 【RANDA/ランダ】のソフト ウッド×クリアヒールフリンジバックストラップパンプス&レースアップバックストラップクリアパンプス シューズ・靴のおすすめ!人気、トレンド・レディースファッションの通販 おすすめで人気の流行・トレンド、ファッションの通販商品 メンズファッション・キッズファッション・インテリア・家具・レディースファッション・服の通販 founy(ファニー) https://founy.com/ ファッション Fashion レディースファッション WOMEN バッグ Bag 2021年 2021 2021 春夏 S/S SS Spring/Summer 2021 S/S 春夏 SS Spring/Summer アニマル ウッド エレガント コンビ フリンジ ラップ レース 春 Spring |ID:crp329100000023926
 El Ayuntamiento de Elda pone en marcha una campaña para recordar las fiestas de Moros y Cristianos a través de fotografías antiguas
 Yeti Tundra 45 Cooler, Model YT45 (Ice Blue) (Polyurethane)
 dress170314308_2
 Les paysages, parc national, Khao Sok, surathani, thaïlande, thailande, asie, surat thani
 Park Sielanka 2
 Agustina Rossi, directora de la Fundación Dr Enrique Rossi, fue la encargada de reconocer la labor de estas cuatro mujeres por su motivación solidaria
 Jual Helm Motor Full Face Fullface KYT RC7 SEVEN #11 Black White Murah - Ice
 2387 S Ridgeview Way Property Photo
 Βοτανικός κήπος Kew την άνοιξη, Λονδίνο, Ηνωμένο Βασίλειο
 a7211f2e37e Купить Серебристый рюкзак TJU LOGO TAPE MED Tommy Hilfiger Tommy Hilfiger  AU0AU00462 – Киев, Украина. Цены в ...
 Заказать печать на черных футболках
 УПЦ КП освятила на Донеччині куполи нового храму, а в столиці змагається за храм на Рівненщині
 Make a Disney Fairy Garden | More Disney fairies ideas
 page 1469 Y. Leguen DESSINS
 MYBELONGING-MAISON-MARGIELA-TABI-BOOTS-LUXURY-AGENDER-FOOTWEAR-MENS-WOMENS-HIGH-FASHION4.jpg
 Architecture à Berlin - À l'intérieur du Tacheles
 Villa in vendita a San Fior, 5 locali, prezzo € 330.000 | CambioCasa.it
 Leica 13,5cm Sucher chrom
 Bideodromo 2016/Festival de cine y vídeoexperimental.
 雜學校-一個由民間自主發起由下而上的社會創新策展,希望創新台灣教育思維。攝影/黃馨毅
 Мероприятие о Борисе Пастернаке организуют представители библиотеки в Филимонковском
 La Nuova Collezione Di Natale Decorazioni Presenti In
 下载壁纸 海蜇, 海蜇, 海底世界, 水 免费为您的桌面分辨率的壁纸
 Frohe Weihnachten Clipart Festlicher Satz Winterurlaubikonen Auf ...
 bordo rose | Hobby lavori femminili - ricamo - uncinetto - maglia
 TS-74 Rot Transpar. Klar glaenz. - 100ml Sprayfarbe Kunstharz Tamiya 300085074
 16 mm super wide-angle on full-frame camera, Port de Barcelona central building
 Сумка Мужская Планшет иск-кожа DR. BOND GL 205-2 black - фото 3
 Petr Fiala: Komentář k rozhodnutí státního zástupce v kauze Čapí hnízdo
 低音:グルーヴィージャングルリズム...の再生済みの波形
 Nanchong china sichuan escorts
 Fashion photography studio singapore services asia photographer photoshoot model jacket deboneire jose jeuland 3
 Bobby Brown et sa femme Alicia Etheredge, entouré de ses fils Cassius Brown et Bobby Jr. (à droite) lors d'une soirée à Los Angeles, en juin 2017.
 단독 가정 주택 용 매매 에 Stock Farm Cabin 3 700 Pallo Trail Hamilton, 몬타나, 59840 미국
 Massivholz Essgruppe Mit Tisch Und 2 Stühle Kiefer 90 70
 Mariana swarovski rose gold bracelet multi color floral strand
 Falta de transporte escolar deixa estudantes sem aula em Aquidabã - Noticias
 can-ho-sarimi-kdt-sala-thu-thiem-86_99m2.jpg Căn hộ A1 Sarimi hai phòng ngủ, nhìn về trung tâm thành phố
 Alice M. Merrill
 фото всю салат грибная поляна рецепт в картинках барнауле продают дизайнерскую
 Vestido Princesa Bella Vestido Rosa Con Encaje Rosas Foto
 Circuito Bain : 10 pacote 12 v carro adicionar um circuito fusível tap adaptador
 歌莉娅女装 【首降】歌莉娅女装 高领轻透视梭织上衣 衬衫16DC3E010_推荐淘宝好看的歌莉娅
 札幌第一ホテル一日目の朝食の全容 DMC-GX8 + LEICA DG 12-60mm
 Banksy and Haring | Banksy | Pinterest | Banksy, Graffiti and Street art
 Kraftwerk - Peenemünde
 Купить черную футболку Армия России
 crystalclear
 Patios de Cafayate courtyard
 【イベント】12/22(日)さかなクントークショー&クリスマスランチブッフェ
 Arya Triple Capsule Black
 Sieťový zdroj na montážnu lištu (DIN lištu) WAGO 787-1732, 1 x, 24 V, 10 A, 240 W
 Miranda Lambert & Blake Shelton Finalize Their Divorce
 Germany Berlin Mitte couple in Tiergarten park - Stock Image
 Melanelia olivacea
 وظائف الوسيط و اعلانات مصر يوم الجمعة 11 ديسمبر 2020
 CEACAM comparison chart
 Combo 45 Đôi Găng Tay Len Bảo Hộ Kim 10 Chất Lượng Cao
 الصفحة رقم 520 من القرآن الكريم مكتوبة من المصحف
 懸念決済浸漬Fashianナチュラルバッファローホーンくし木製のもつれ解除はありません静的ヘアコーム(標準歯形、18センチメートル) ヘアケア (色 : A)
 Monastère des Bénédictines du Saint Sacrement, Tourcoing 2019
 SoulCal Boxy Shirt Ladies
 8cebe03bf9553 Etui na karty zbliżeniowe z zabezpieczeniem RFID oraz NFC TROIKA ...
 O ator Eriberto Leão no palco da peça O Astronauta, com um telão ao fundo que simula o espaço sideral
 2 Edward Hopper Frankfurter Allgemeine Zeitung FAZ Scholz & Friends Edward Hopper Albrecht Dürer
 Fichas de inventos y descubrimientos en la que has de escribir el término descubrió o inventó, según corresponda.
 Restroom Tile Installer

Aim of the exercise:
Lines holding the word "Купить" are the answer; copy each one from the records above.

Exercise result:
 a7211f2e37e Купить Серебристый рюкзак TJU LOGO TAPE MED Tommy Hilfiger Tommy Hilfiger  AU0AU00462 – Киев, Украина. Цены в ...
 Купить черную футболку Армия России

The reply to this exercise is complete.